PROBLEM DETAILS. Given the records below, would you repeat exactly the lines that begin at the one containing "Round Multileg Low" and end at the one containing "From left, Anthony", inclusive?

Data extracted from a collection
# # # #

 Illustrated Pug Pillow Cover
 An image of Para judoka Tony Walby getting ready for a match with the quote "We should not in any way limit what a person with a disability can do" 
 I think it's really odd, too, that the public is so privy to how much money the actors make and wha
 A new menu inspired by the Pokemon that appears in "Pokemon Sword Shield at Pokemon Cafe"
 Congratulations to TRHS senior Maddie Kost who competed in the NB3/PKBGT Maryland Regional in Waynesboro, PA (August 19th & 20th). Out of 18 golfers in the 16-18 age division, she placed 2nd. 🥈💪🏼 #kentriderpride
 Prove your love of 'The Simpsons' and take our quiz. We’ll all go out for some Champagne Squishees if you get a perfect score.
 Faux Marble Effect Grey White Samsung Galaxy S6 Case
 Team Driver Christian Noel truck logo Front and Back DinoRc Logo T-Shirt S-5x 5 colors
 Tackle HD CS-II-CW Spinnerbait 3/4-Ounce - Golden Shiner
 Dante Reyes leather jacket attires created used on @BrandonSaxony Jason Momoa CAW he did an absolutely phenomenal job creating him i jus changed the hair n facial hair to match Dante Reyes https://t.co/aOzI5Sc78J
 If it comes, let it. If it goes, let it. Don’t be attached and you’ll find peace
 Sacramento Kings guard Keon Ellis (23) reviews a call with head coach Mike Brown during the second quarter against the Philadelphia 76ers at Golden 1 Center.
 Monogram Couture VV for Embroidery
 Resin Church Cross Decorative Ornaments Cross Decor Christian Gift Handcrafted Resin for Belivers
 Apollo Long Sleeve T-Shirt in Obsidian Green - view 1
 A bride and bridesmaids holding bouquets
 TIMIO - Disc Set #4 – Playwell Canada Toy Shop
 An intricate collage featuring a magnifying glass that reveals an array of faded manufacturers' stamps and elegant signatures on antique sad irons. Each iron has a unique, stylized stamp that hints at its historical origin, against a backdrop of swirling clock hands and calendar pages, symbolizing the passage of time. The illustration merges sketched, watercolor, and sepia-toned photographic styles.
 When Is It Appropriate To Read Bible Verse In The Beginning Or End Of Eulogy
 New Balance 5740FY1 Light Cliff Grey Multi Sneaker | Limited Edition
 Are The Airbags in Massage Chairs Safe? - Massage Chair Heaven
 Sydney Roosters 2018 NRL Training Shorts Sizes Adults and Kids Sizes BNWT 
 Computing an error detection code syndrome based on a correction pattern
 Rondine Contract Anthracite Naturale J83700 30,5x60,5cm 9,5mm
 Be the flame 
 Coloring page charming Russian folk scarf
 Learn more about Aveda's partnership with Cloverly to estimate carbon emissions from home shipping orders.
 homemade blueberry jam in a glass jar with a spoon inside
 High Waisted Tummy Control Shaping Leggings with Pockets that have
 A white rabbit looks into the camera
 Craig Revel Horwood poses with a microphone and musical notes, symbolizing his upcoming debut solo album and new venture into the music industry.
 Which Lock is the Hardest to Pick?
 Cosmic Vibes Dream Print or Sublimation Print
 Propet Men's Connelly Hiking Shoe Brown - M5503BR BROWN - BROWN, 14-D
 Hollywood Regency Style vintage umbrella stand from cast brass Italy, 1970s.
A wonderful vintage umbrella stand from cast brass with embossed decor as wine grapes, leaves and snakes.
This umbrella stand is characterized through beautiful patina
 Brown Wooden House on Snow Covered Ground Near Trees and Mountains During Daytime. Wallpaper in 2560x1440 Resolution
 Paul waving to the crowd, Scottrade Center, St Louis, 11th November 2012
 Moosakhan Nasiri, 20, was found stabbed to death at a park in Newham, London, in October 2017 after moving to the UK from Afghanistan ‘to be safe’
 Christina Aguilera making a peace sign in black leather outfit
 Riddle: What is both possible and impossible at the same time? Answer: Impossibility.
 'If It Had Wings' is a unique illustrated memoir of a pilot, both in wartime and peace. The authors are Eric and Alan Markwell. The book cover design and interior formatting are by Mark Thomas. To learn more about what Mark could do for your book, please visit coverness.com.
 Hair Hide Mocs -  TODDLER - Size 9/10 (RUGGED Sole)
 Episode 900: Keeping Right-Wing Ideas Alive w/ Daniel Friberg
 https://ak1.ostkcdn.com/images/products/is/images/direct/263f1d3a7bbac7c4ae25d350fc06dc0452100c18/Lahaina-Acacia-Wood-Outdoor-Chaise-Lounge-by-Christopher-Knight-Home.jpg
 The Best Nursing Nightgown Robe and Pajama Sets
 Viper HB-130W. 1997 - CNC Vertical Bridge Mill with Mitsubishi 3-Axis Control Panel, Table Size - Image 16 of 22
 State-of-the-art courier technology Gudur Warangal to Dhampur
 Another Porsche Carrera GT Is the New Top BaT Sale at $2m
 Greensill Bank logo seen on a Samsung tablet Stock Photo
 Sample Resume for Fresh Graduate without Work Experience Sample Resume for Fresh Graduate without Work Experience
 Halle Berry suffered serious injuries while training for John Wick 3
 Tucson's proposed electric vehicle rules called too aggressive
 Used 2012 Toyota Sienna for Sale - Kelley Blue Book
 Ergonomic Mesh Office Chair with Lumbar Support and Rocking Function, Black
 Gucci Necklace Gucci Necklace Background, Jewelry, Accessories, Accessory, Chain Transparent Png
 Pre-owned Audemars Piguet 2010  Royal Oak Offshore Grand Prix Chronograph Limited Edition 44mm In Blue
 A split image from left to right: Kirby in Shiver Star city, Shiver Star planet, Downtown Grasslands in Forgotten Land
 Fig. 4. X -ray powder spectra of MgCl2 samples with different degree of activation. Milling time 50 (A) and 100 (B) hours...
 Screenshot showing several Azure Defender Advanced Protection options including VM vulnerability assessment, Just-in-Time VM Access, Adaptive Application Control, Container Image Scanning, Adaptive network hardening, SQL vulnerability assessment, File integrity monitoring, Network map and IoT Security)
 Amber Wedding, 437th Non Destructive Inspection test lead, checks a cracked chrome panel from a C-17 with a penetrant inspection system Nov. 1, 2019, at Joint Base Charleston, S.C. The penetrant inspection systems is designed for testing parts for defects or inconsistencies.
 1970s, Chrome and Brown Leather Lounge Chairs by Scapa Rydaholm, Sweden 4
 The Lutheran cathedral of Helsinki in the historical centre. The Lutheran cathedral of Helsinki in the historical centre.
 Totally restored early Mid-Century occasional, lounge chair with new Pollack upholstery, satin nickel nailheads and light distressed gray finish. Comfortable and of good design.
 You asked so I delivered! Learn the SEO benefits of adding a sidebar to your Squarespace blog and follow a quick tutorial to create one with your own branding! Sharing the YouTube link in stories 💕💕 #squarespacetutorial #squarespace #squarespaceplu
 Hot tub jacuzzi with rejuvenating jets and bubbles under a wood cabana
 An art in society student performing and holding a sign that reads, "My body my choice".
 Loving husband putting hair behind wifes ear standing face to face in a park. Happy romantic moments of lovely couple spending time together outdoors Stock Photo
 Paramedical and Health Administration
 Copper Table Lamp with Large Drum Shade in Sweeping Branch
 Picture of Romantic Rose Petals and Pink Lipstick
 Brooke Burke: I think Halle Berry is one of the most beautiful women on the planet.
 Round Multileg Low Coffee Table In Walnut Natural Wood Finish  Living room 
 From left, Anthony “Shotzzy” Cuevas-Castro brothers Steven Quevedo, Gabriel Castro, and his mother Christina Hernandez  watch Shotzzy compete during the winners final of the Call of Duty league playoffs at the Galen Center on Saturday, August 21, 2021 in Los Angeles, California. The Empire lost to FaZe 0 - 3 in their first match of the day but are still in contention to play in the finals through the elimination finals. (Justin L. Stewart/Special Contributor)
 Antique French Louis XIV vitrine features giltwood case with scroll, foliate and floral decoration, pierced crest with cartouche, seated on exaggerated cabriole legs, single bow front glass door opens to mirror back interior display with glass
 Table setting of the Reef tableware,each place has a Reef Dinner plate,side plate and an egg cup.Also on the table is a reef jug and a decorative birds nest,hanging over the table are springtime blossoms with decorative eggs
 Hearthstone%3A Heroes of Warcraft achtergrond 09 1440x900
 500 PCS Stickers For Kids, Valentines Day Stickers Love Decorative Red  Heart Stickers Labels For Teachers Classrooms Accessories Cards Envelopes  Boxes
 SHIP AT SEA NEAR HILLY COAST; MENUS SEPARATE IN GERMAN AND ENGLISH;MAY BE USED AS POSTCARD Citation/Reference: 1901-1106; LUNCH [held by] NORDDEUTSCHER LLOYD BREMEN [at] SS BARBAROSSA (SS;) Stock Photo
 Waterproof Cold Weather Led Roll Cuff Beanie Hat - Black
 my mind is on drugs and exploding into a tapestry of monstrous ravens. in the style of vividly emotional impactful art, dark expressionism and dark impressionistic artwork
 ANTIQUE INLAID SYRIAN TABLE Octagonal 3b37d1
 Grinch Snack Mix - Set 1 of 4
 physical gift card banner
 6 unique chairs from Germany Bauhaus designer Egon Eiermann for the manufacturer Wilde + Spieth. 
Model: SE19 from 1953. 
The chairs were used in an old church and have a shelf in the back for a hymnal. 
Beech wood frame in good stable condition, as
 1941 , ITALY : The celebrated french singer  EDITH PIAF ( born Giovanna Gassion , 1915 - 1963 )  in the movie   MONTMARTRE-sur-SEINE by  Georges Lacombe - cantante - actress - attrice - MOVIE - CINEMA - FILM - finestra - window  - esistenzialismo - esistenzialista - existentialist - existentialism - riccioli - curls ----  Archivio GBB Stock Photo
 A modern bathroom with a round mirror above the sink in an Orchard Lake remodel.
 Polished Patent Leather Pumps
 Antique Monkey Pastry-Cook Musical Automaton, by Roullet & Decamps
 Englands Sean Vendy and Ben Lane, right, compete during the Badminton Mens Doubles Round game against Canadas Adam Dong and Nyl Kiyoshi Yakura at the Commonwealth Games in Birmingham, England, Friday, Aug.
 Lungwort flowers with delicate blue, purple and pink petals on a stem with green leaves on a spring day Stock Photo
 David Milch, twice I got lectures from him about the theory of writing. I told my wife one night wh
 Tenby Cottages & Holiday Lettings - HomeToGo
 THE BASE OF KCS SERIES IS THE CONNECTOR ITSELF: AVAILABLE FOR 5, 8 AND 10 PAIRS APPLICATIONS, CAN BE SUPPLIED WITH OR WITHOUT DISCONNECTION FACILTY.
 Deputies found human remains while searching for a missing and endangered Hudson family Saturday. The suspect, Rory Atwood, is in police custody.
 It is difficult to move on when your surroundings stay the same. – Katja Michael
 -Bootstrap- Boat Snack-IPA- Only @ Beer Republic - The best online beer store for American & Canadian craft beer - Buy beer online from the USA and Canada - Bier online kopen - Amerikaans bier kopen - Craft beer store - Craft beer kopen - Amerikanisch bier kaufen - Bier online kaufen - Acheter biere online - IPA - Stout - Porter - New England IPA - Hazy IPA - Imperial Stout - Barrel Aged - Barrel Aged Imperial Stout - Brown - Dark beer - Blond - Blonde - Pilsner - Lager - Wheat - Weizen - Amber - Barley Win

# # # #

FINISHED TASK.
 Round Multileg Low Coffee Table In Walnut Natural Wood Finish  Living room 
 From left, Anthony “Shotzzy” Cuevas-Castro brothers Steven Quevedo, Gabriel Castro, and his mother Christina Hernandez  watch Shotzzy compete during the winners final of the Call of Duty league playoffs at the Galen Center on Saturday, August 21, 2021 in Los Angeles, California. The Empire lost to FaZe 0 - 3 in their first match of the day but are still in contention to play in the finals through the elimination finals. (Justin L. Stewart/Special Contributor)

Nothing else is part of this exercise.